Полное согласие между Комитетом и правительством казалось настолько установленным, что Церетели предполагал произвести своеобразную военную демонстрацию: после опубликования мирной ноты правительства вынести в Совете решение поддержки «Займа свободы». Правительство учитывало это и со своей стороны старалось отредактировать документ, который должен был удовлетворить демократию, причем левая часть правительства выдержала весьма суровый бой с Милюковым из-за некоторых выражений. И когда текст ноты был установлен окончательно, некоторые министры при встрече с членами комитета утверждали, что комитет будет поражен, насколько далеко пошло правительство ему навстречу. И не подлежит никакому сомнению, что если бы текст ноты был заранее показан Церетели или кому-нибудь из руководящих членов комитета, в него были бы внесены соответствующие поправки или была бы предпринята кампания для подготовки общественного мнения к этому акту. Но этого не было сделано.
Текст в комитете был получен одновременно с передачей его в печать, после посылки в Париж и в Лондон. Комитет в экстренном заседании стал обсуждать ноту, и после первого прочтения всеми единодушно и без споров было признано, что это совсем не то, чего ожидал комитет. В особенности резали глаз слова о том, что после революции «всенародное стремление довести мировую войну до решительной победы лишь усилилось благодаря сознанию общей ответственности всех и каждого».
Потом, при дальнейшем детальном разборе, стали раздаваться голоса, что, в сущности, нельзя требовать, чтобы Временное правительство разговаривало с союзными правительствами языком «Манифеста к народам мира», что дипломатия имеет свой собственный язык. Церетели стал добросовестно расшифровывать ноту и указывать на то, что многие вопросы в ней выражены вполне соответственно общим мирным тенденциям демократии. Скобелев ставил вопрос еще шире, доказывая, что вообще нельзя требовать полного совпадения стремлений демократии и позиции правительства. Демократия воодушевлена революционным пылом… Но русская революция, попадая за границу, должна сходить со своих ширококолейных рельсов и приспосабливаться к узкой иностранной колее… Но все-таки ряд выражений комментировался и ими как неосторожные и легко поддающиеся изменению.

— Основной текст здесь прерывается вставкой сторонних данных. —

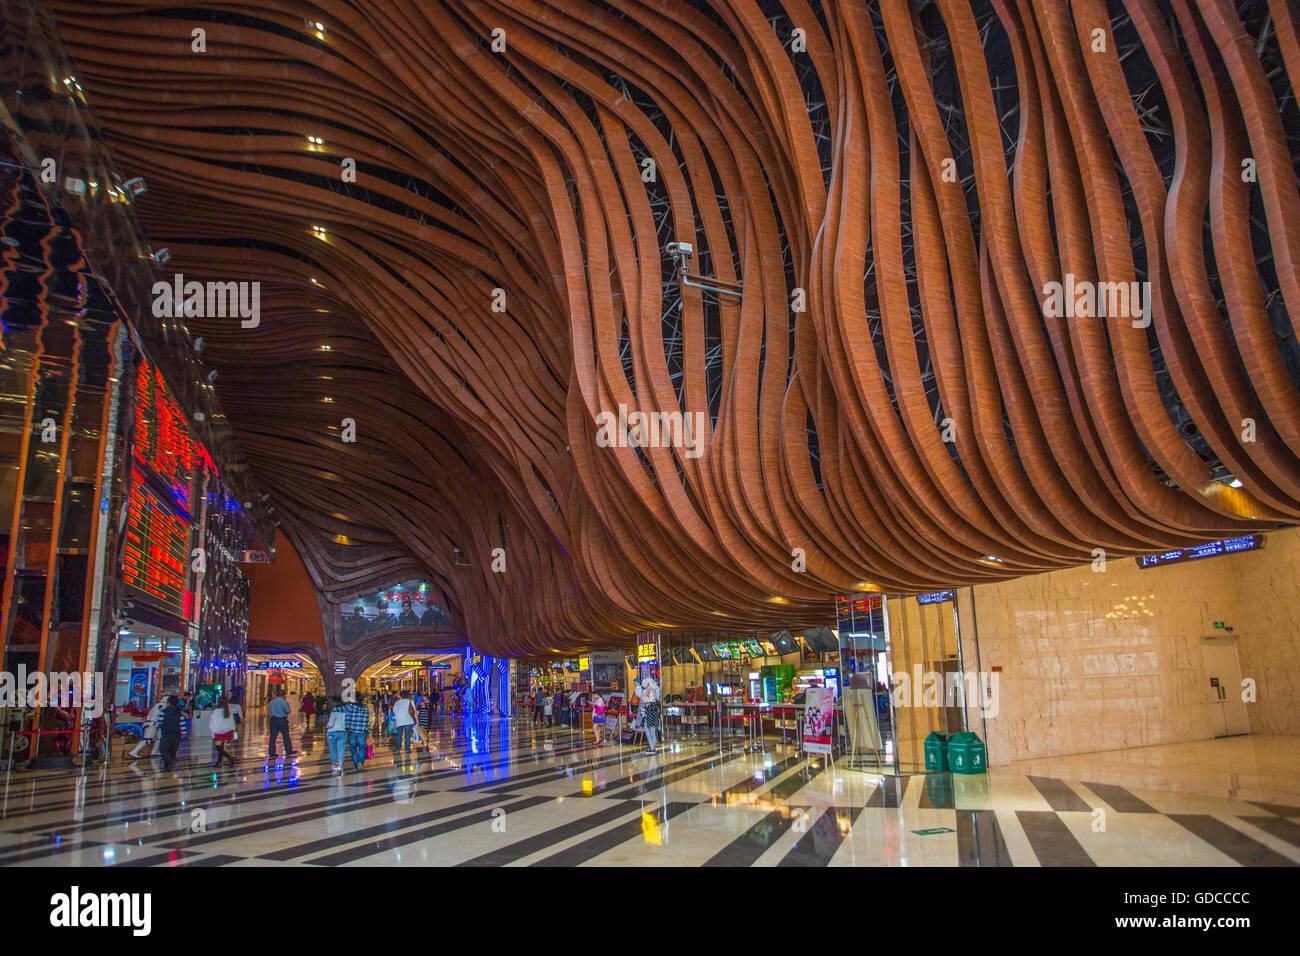 Architektur, künstlich angelegten Strand, groß, Gebäude, Stadt Chengdu, China, Eingang, Global Center, Stockbild
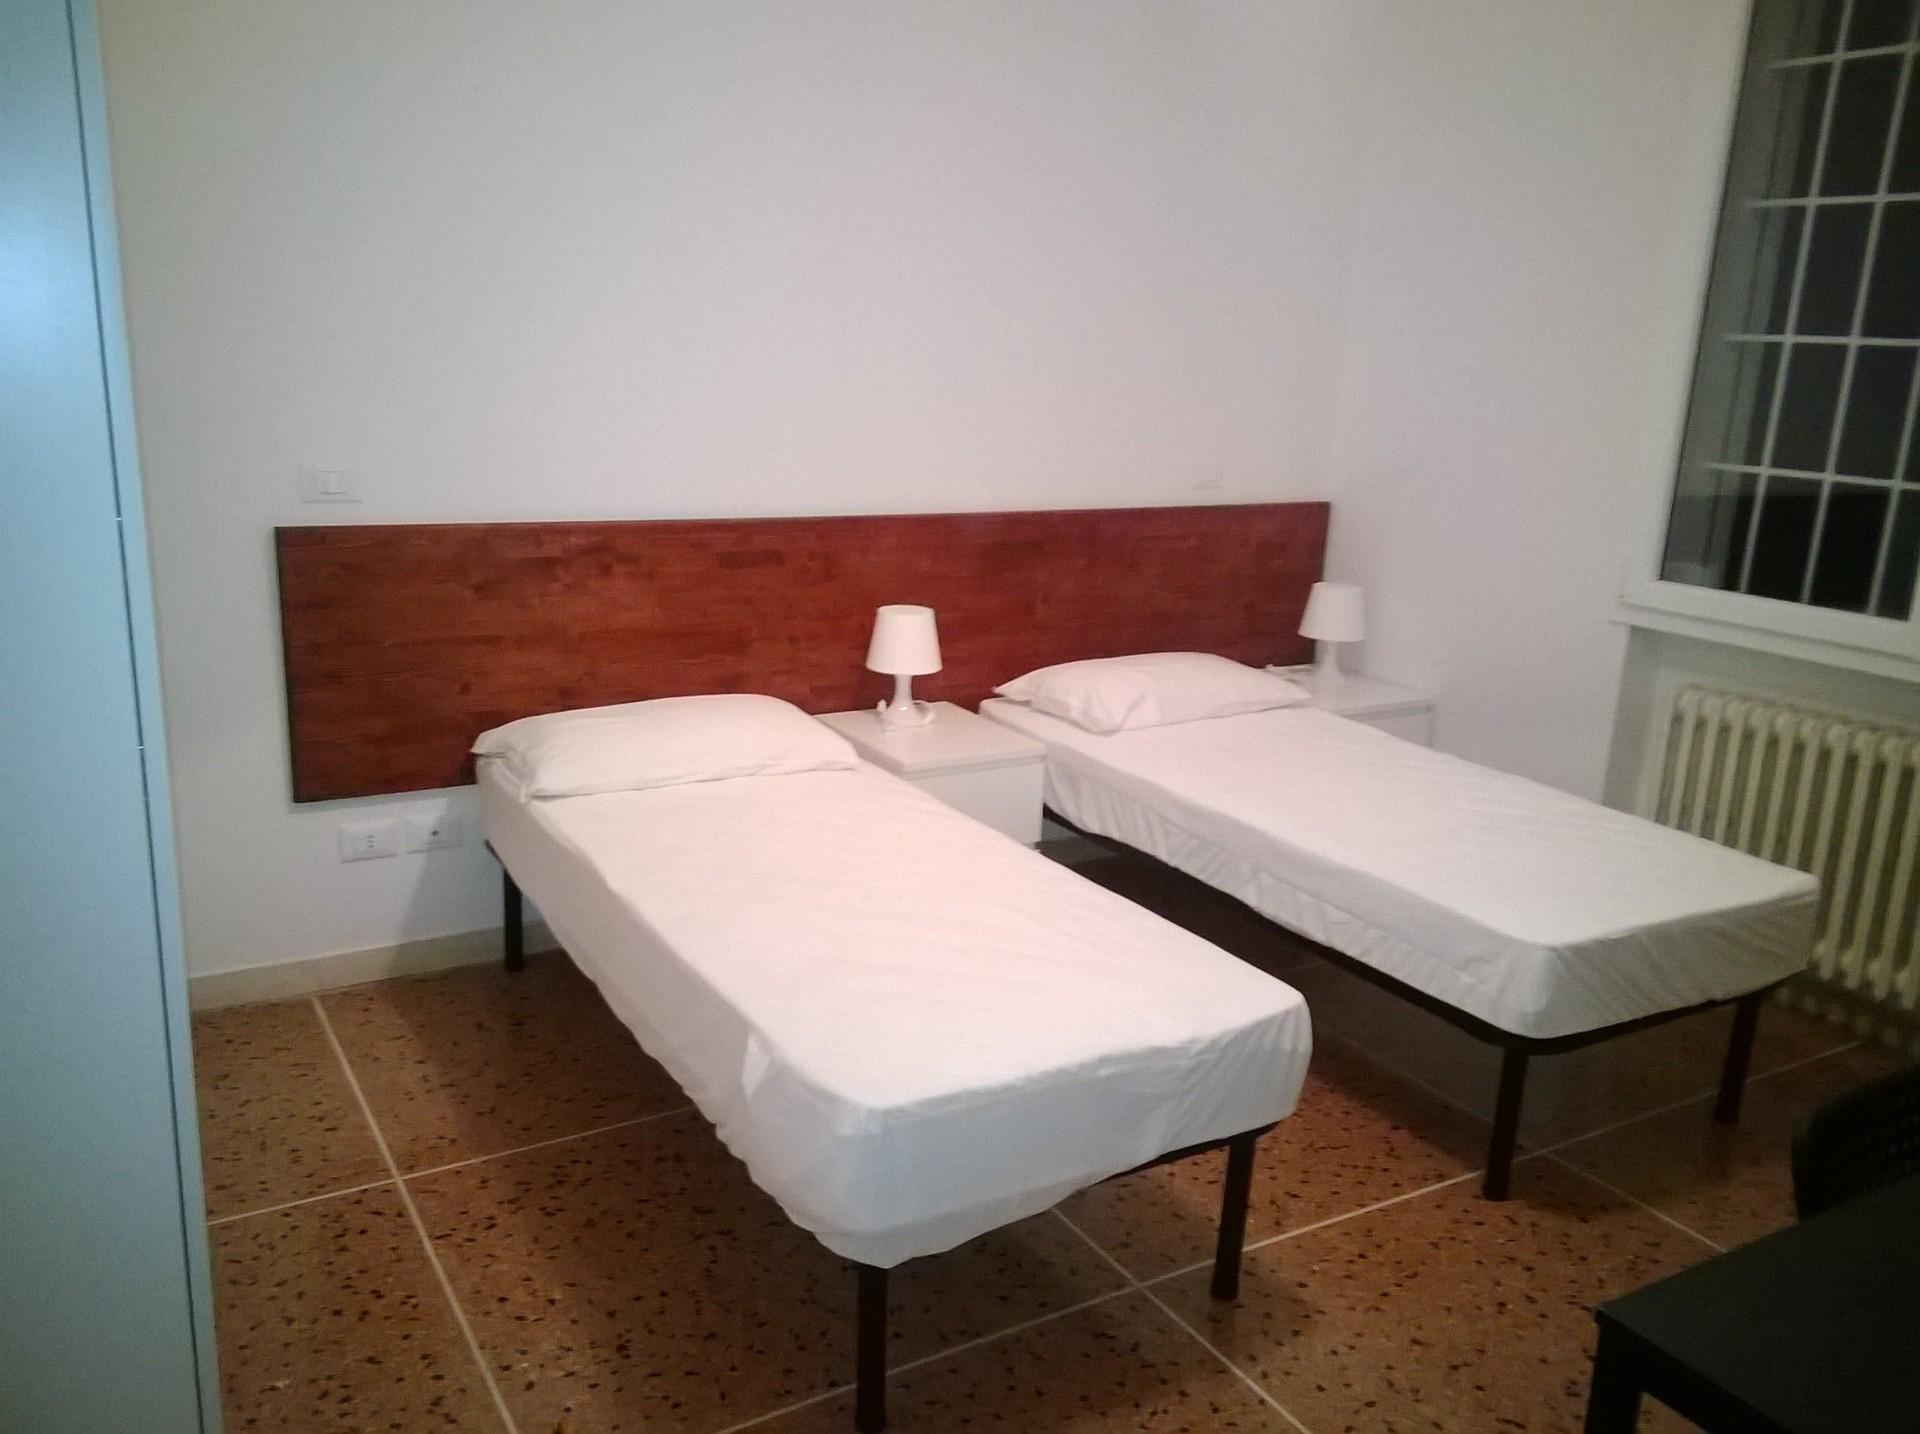 Appartamento con 2 stanze doppie a bologna costa saragozza for Affitto stanza bologna

Около 5 часов ночи заседание было прервано.
Возбуждение комитета объяснялось тревогой, что нота может вызвать самочинные выступления масс. Но, быть может, как раз эта тревога и послужила причиной этих выступлений, так как будоражащее известие о том, что комитет всю ночь заседает над неудачной мирной нотой правительства, о которой столько говорили и от которой ждали первого практического шага к миру, облетело весь город, все казармы.